[Task to complete]: Give back the full listing verbatim, apart from its images.

[Dataset section]:
########################################

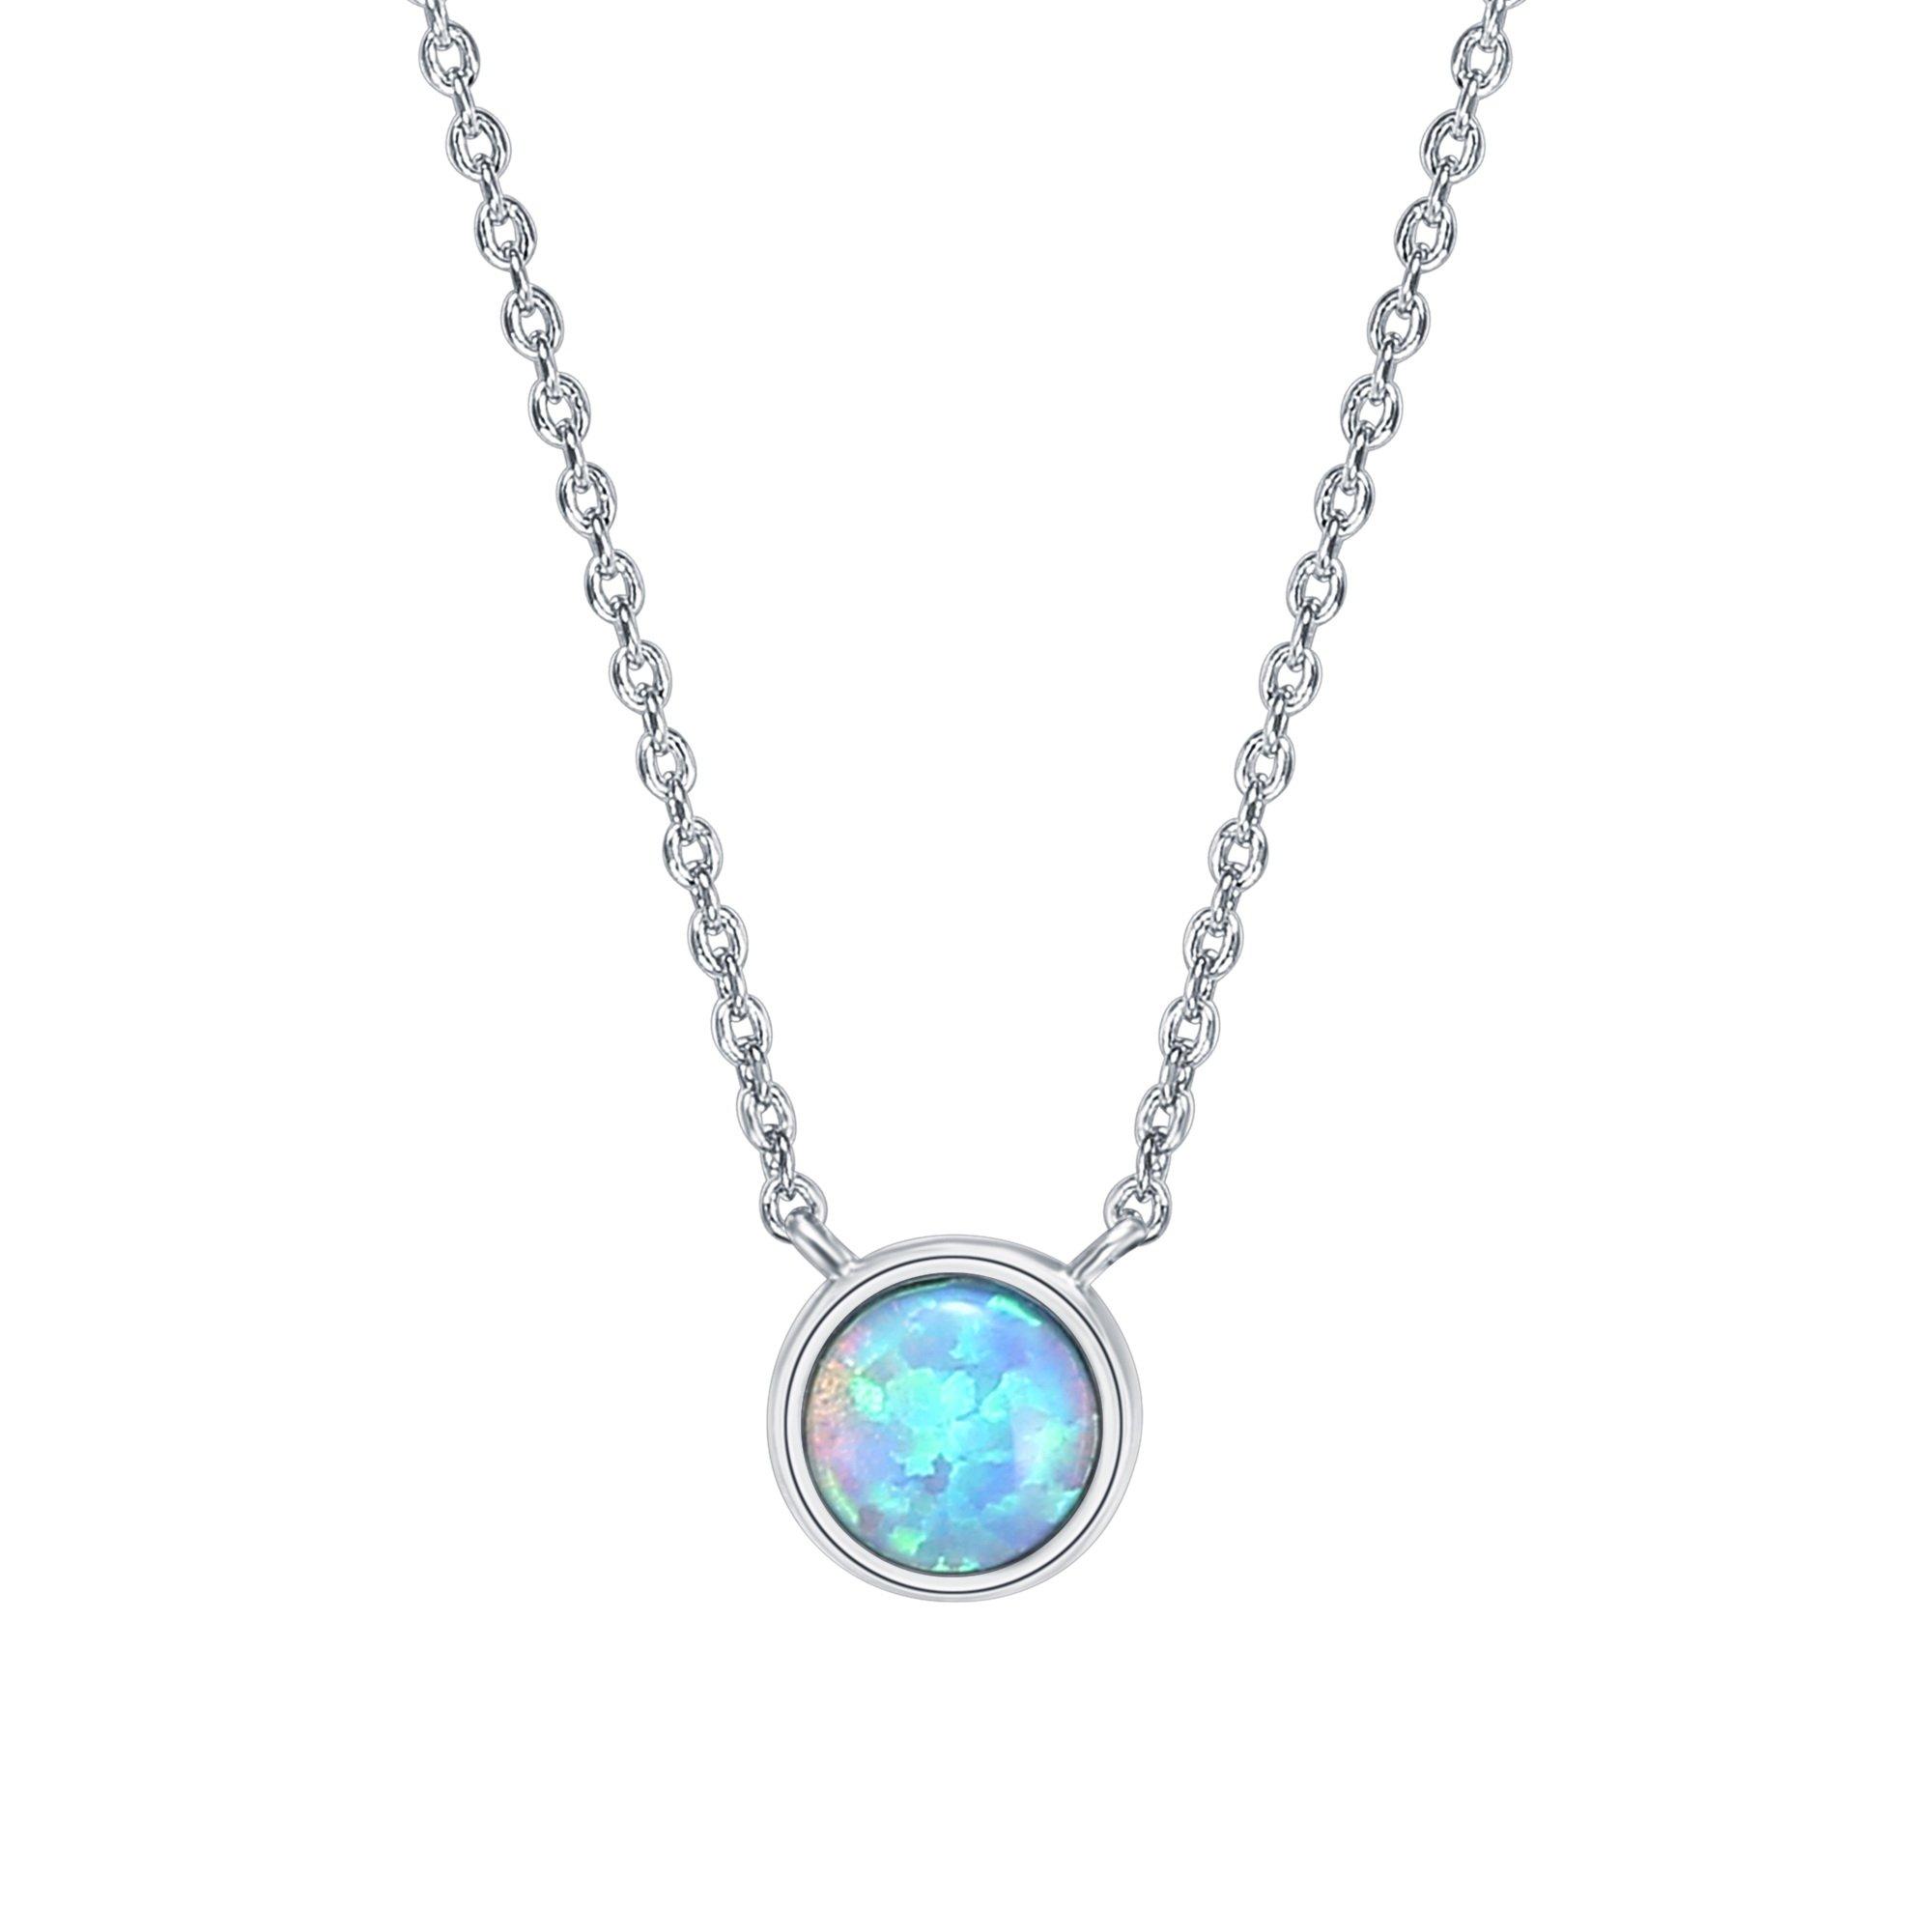 PAVOI 14K Gold Plated Round Bezel Set Blue Opal Necklace 16-18
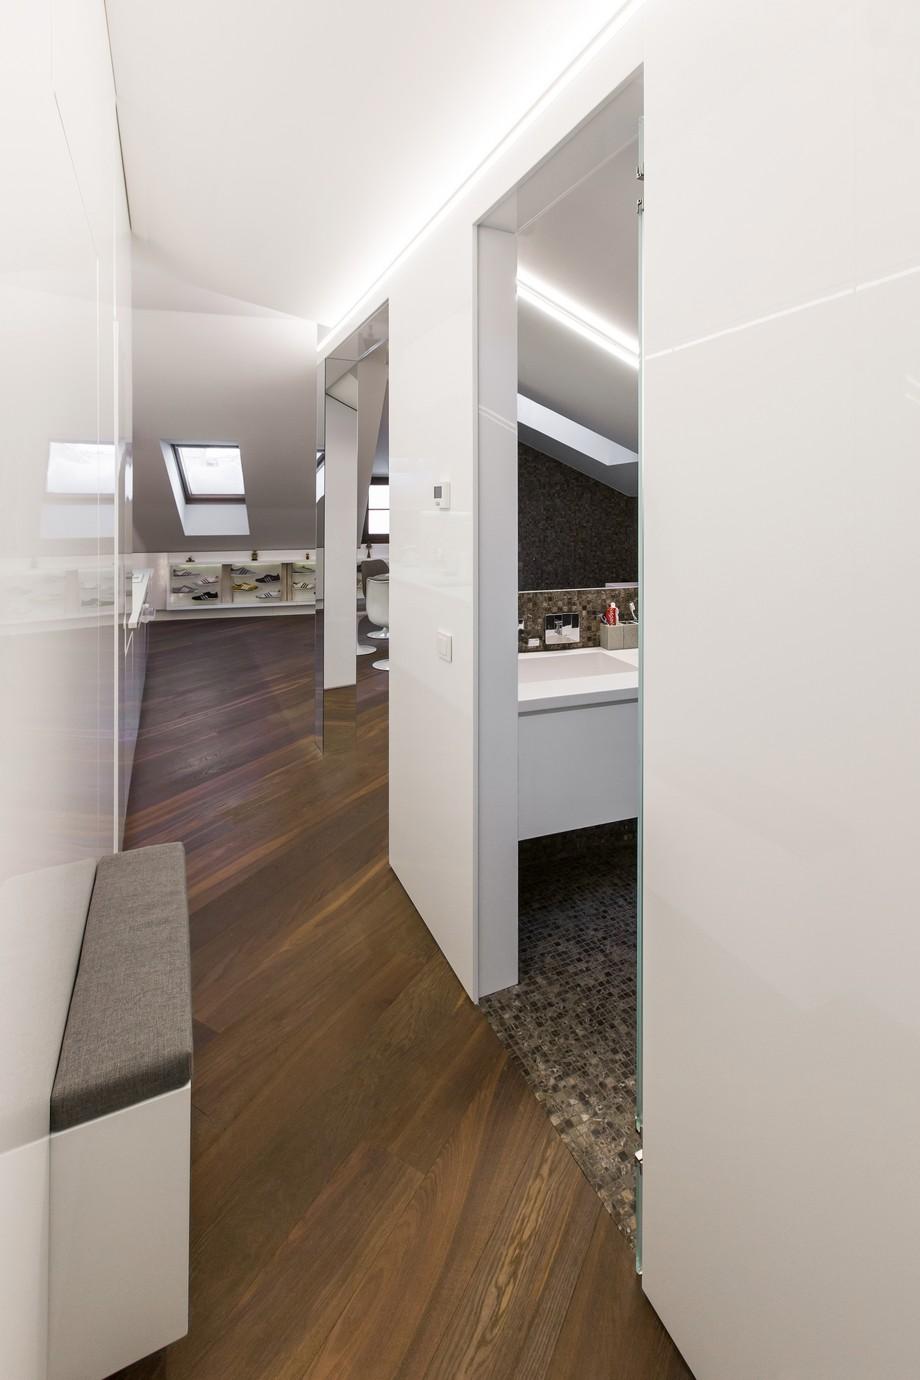 Interior_attic_studio_YCL_9
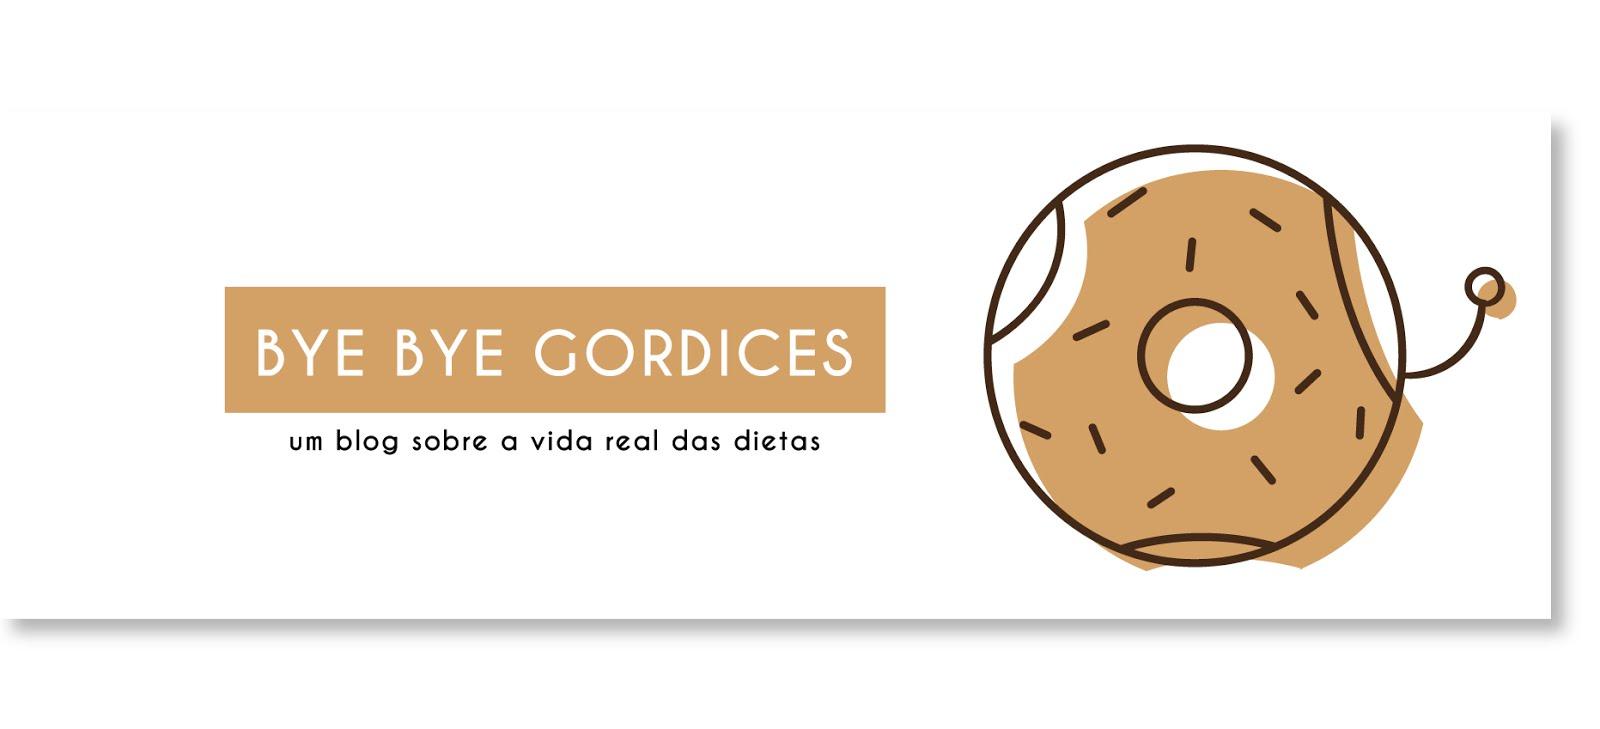 Bye Bye Gordices

########################################

[Task result]:
 PAVOI 14K Gold Plated Round Bezel Set Blue Opal Necklace 16-18
 Interior_attic_studio_YCL_9
 Bye Bye Gordices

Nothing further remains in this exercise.